Suiker offers its readers a tour of the grand plantations of the late eighteenth century, when Suriname was already in relative decline. It follows several characters including Sarith and her slave Mini Mini as the colony is rocked by escalating Maroon wars and a series of booms and busts occasioned by shifts in the price of sugar and the indebtedness of the heavily-leveraged plantations.

For non-Surinamese readers looking for a political window onto the period, the denouement might leave something to be desired: Mini Mini dispossesses Sarith by developing a loving relationship with Sarith’s wealthy slave-owning husband Julius Robles. At the same time, Maroons are portrayed as well-intentioned rebels who give in to a desire for retribution that leads them to senseless violence and cuts them off from the more sympathetic blacks like Mini Mini, who stay behind and develop friendship with people the author characterizes as the best whites: empathetic men and women who still hold slaves, but stand apart from the most brutal treatments of blacks.

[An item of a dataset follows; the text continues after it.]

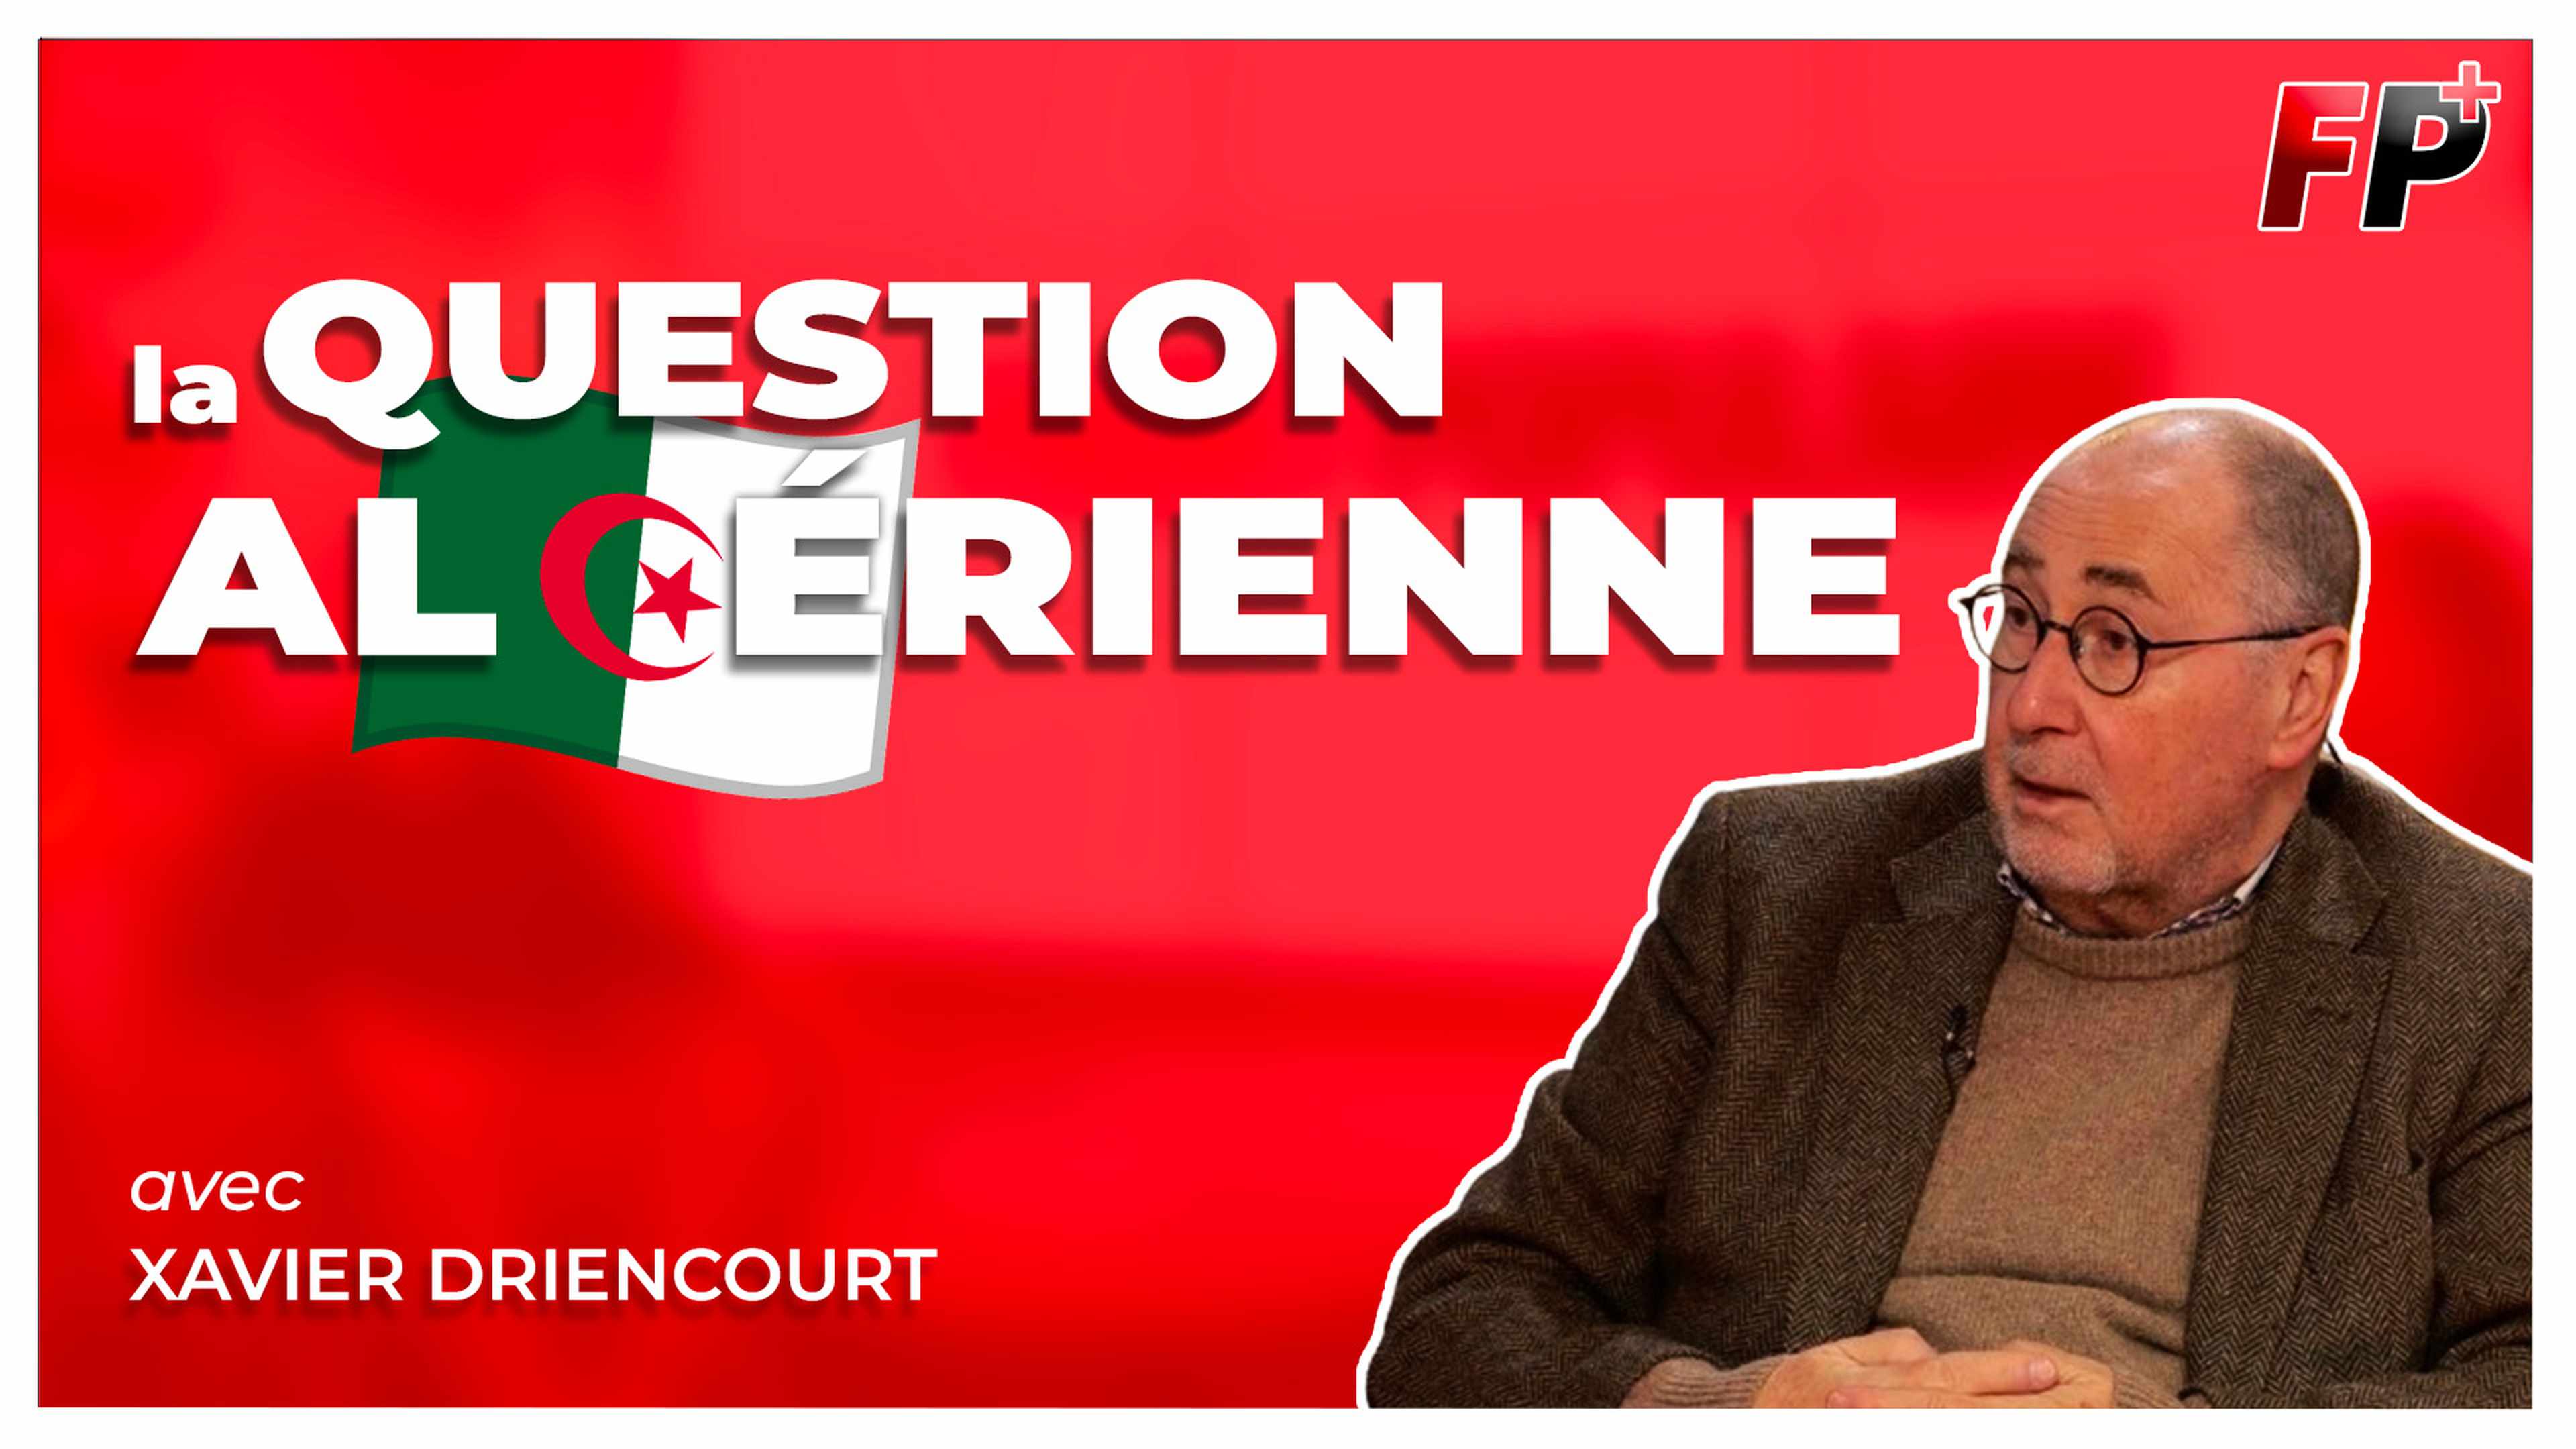 La question algérienne expliquée par Xavier Driencourt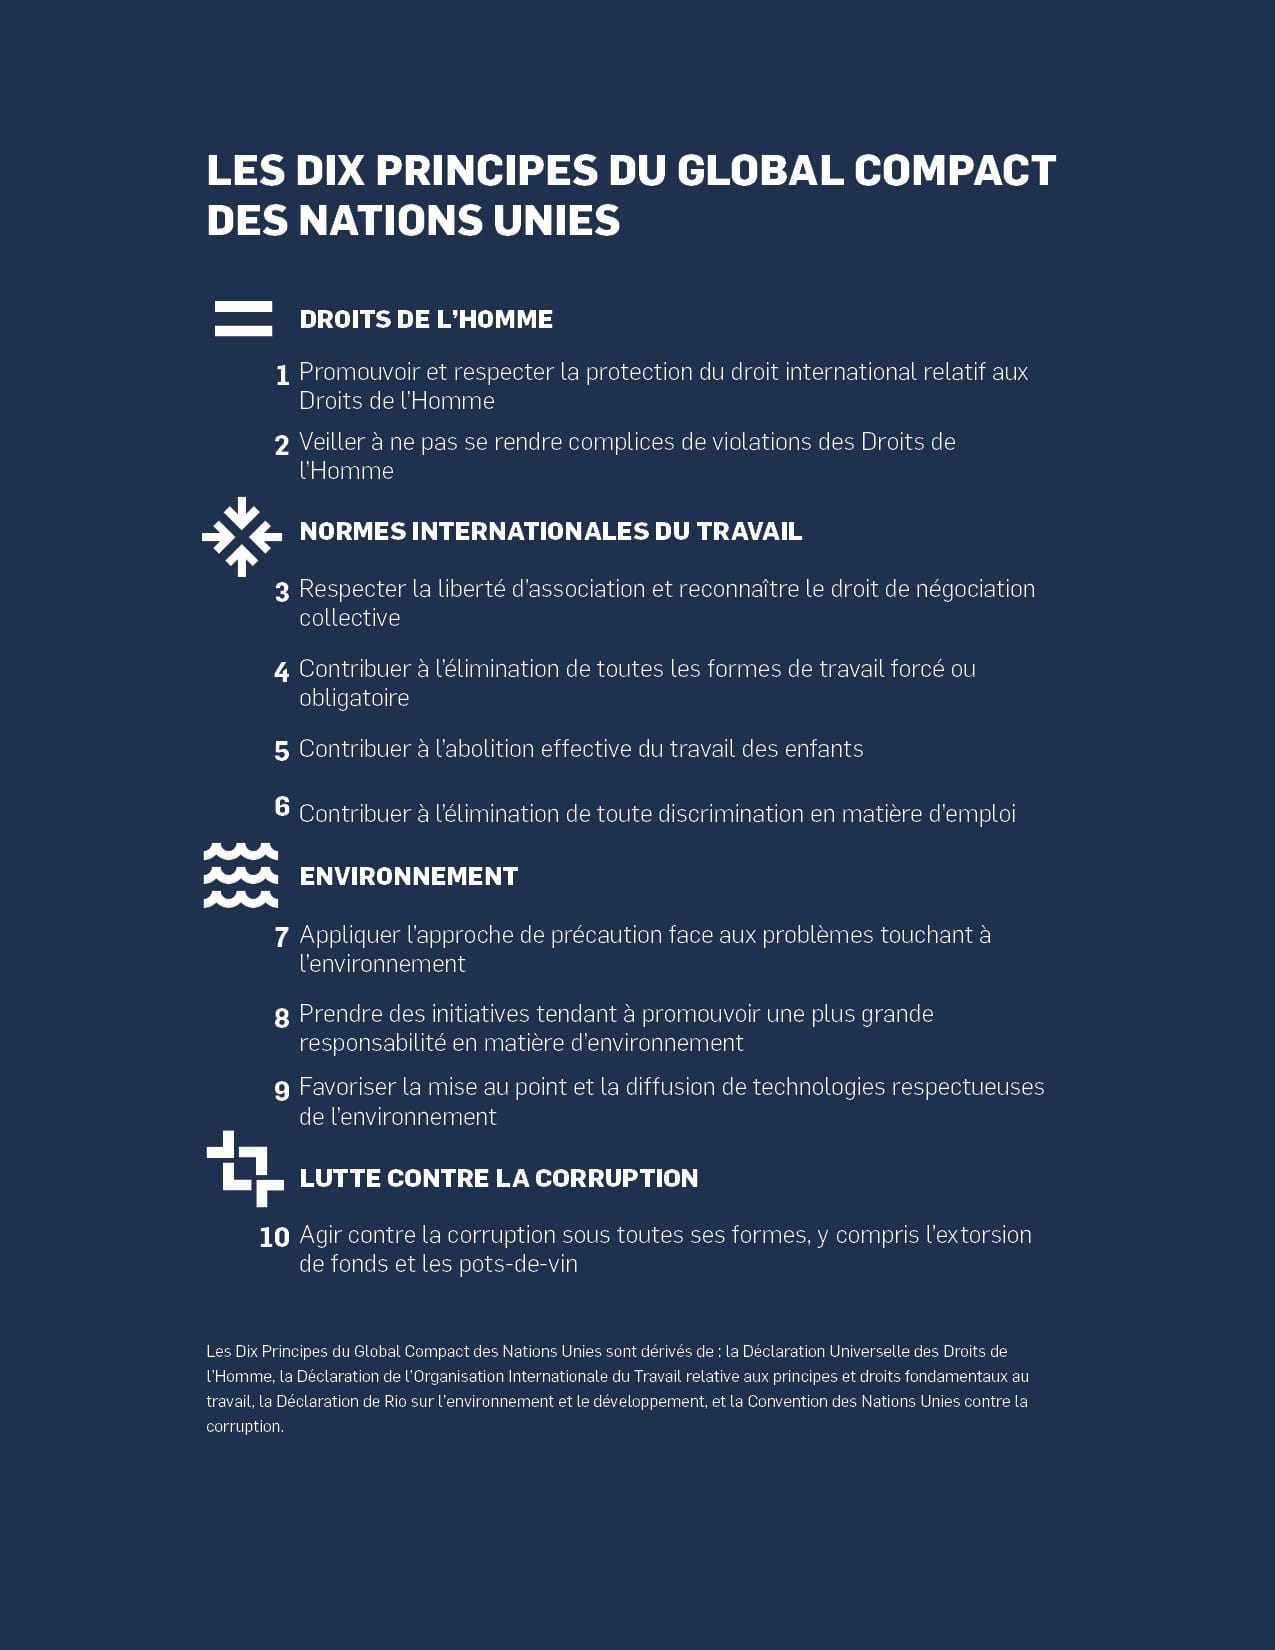 Les 10 principes du global compact des nations unies

It would be easy enough to dismiss Suiker as a sort of retrospective respectability politics, were it not for the fact that it reflects a certain distinction that was already prevalent in the 1770s, when the novel was set. By the 1770s, there were already clear distinctions between Maroons and the group now called Creoles in terms of geography, norms of kinship, political structures, ritual practice, wealth domestication, arts & architecture, and diet.[3] For the Creoles staying in plantation societies, they would have had a life that balanced the ability regularly to engage in Afro-American ritual practice, and to hunt, fish, and farm in the bountiful near hinterlands of coastal plantation society with the frequent toil and constant threat of rape, torture, and death at the hands of white slaveholders. Creole society drew comparatively more heavily on European norms, and divisions between Creoles and Maroons only sharpened after emancipation in 1863, when new Africans stopped being shipped into the country and financialized exchange became more common.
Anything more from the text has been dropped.